* _Input data_:
::::::::
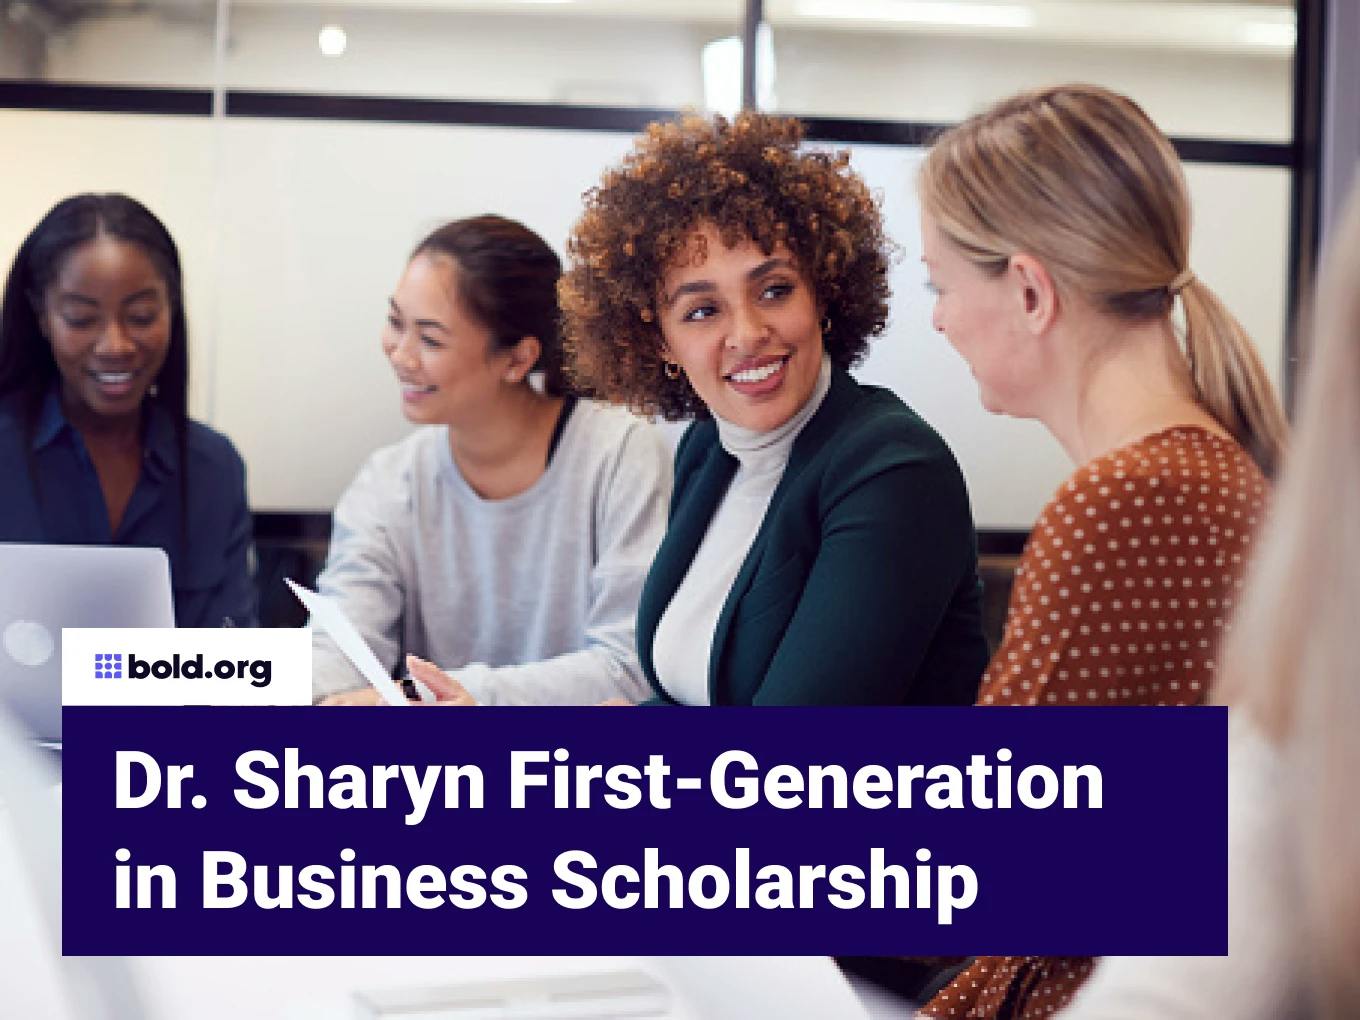 Dr. Sharyn First-Generation in Business Scholarship
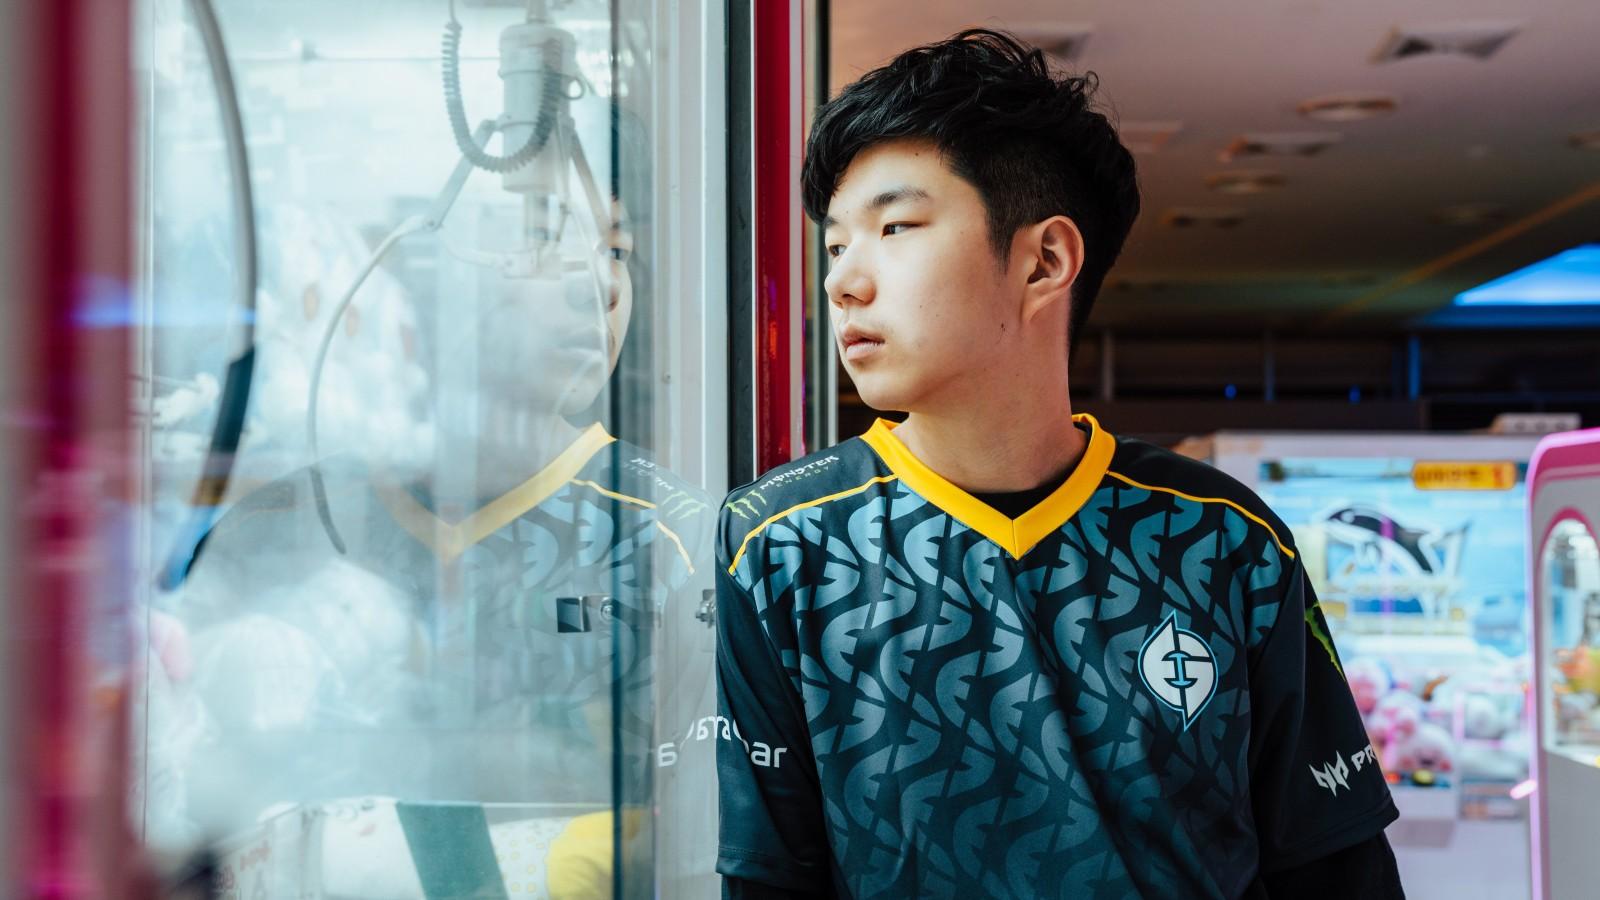 League of Legends Trash Talk: MSI 2019 - Player of Team G2 Esports claims  to crush Faker, and the boss laughs with tears because all practice match  lose - Not A Gamer
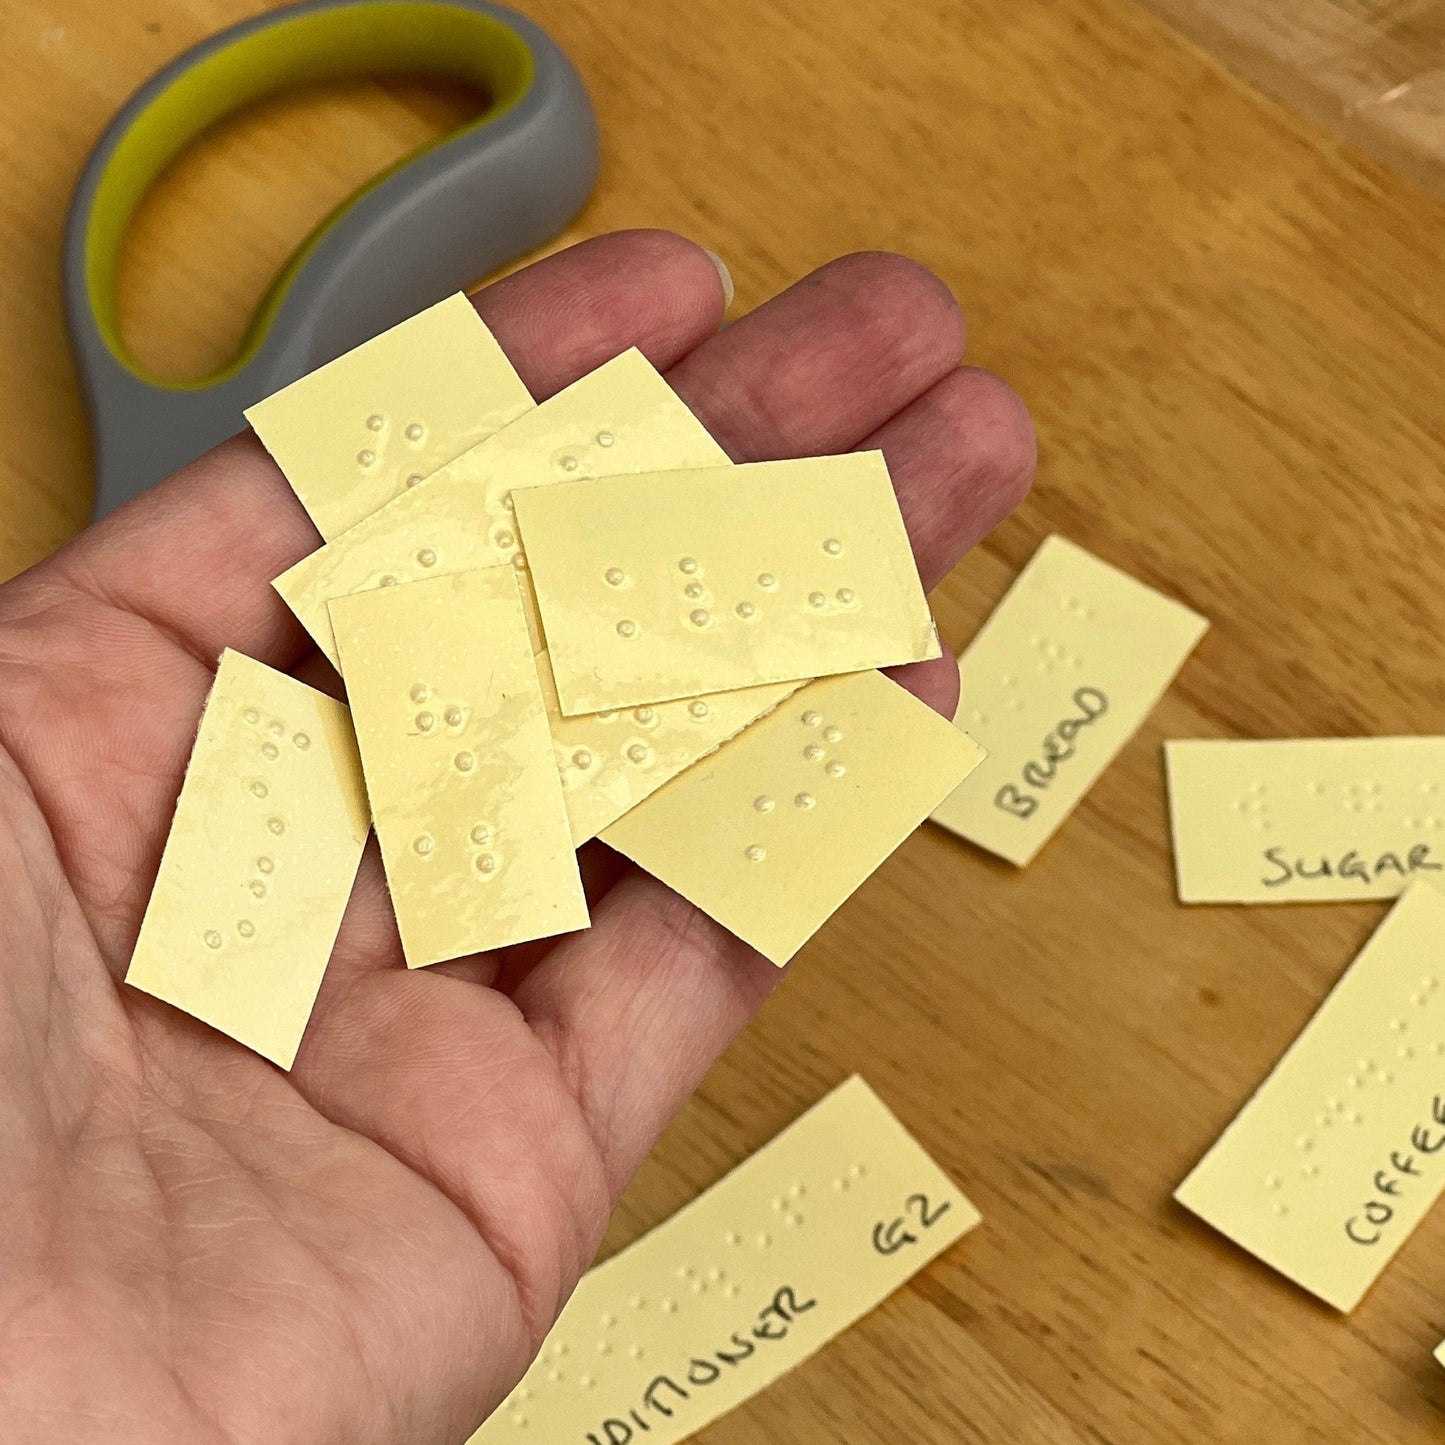 Image shows my hand holding some of the braille labels I have printed, in the background you can see the reverse of the labels where I have written what each labels says and whether grade 1 or grade 2. You can also see the top of a pair of scissors.
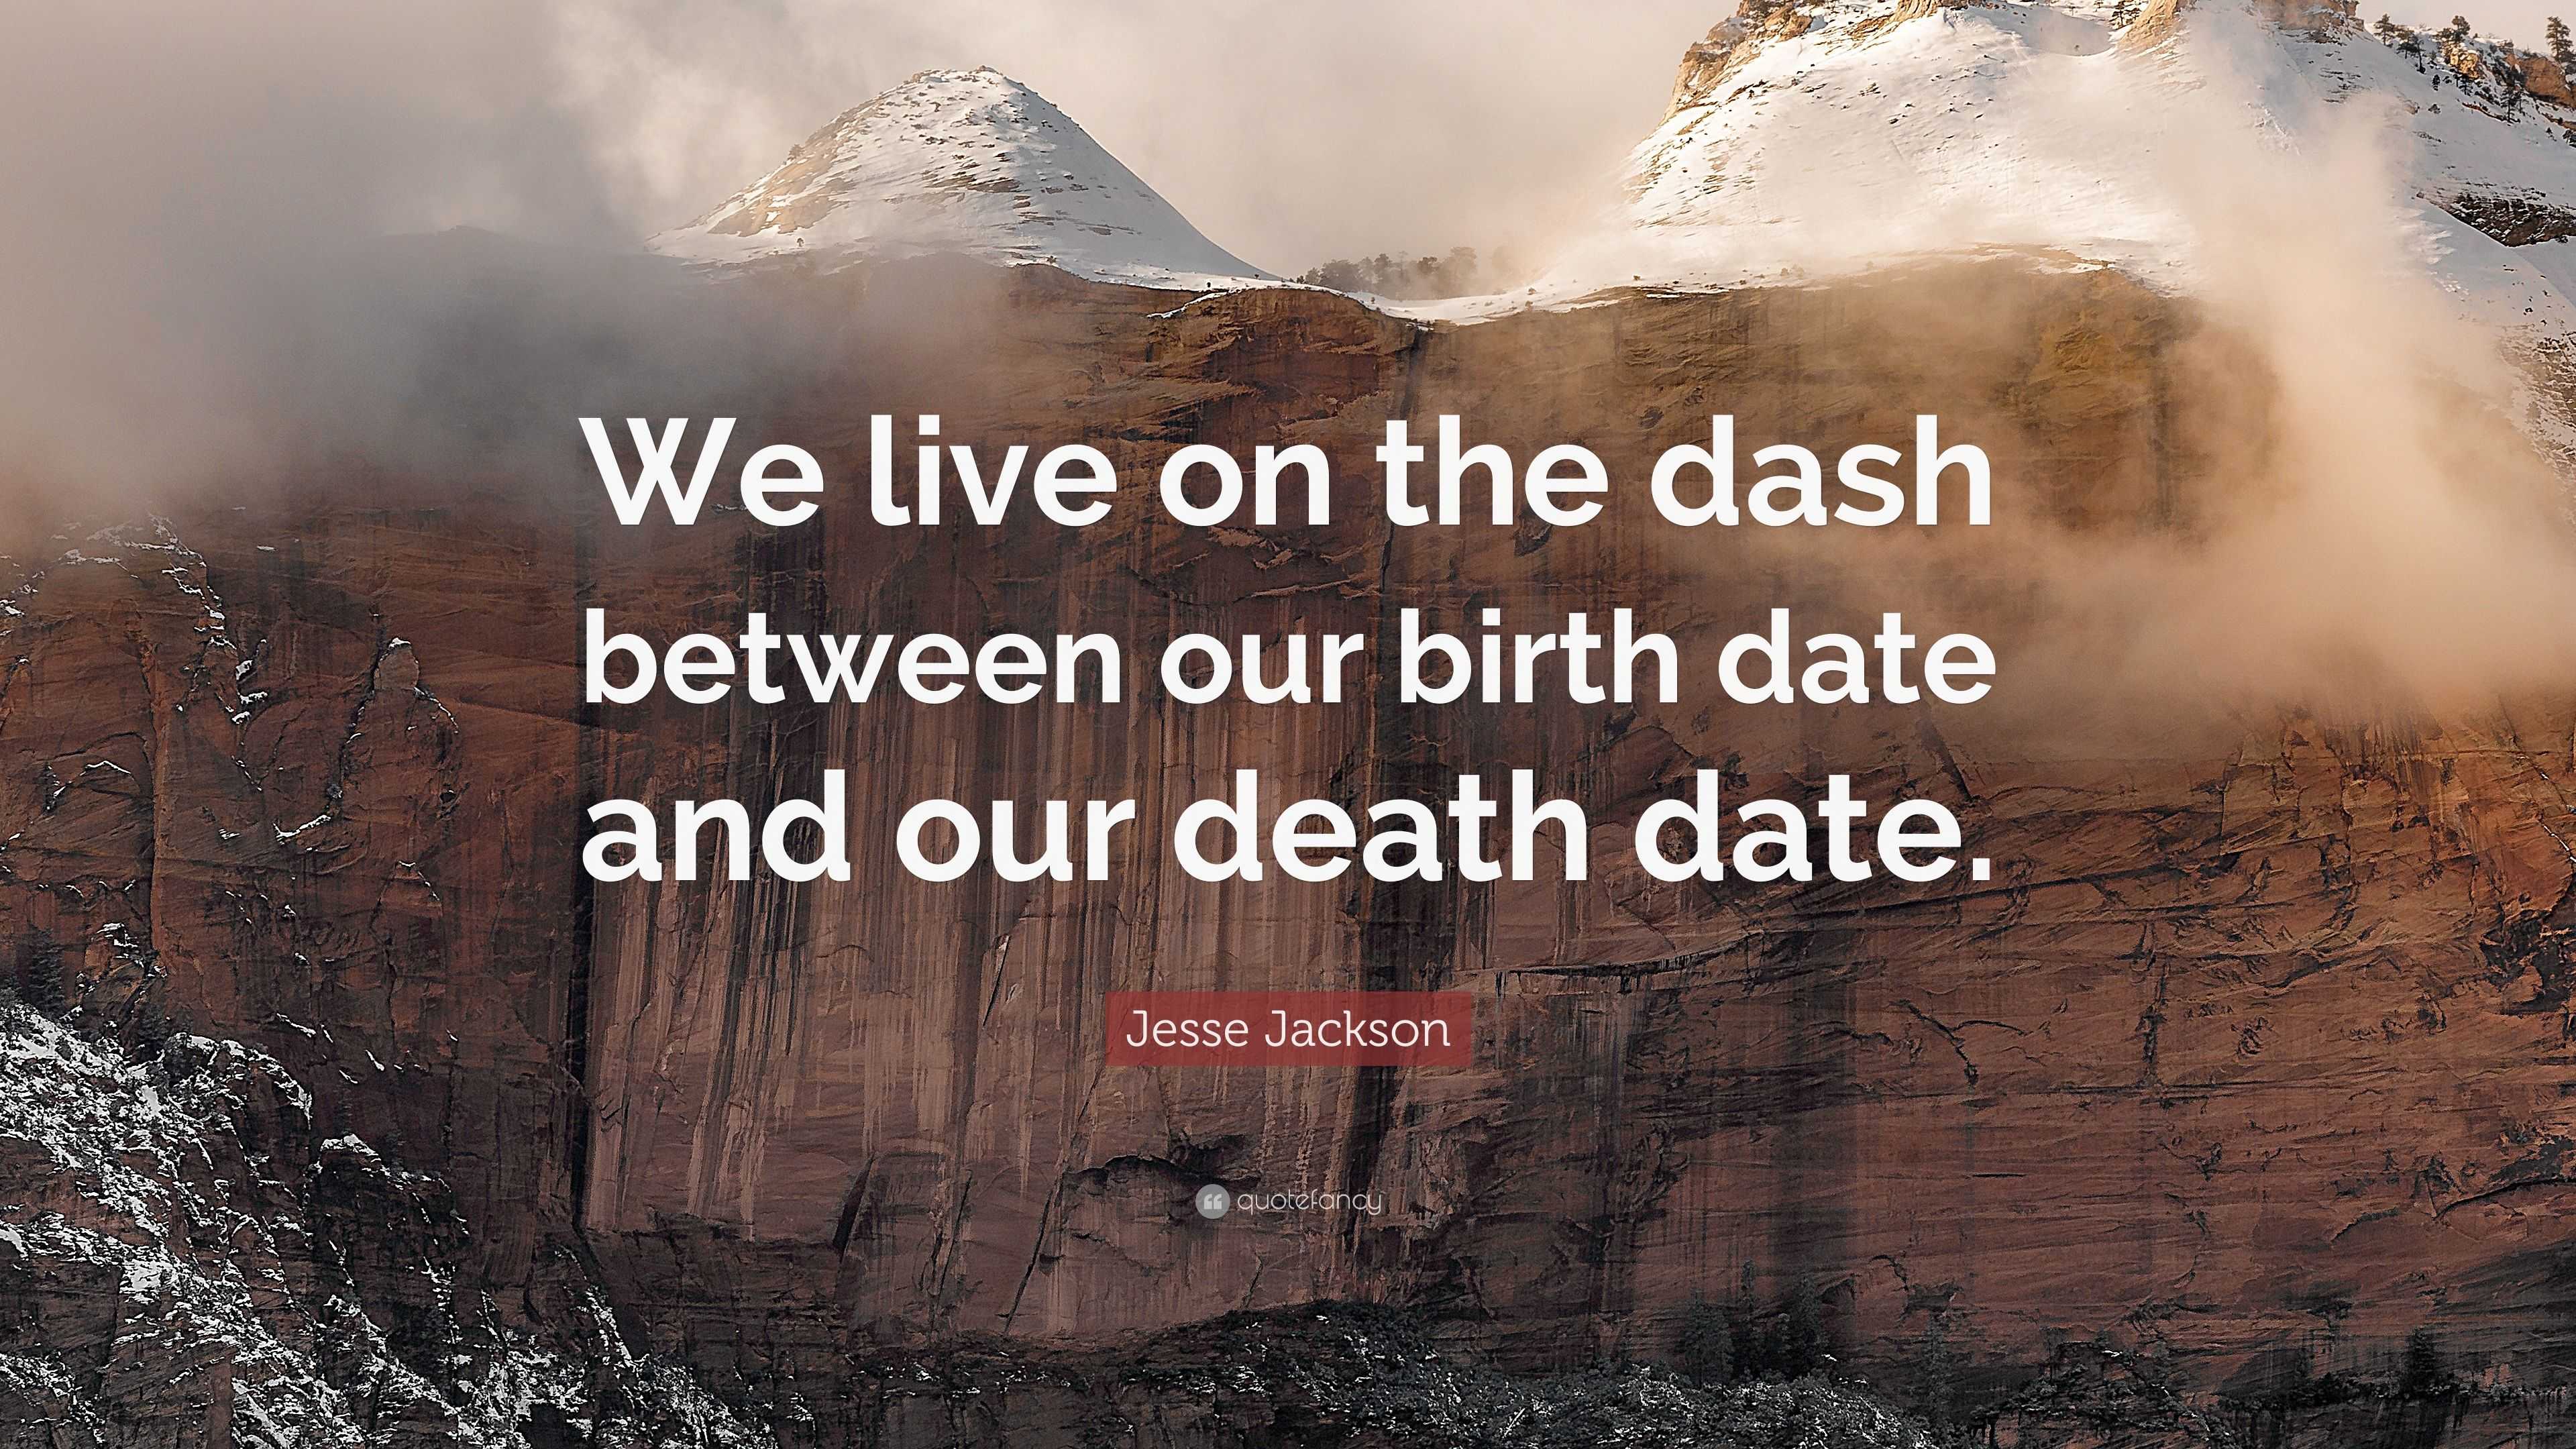 https://quotefancy.com/media/wallpaper/3840x2160/2730600-Jesse-Jackson-Quote-We-live-on-the-dash-between-our-birth-date-and.jpg
::::::::
* _Work required_: If a picture appears in the data, omit it; transcribe all the rest exactly.

* _Answer section_:
 Dr. Sharyn First-Generation in Business Scholarship
 League of Legends Trash Talk: MSI 2019 - Player of Team G2 Esports claims  to crush Faker, and the boss laughs with tears because all practice match  lose - Not A Gamer
 Image shows my hand holding some of the braille labels I have printed, in the background you can see the reverse of the labels where I have written what each labels says and whether grade 1 or grade 2. You can also see the top of a pair of scissors.
 https://quotefancy.com/media/wallpaper/3840x2160/2730600-Jesse-Jackson-Quote-We-live-on-the-dash-between-our-birth-date-and.jpg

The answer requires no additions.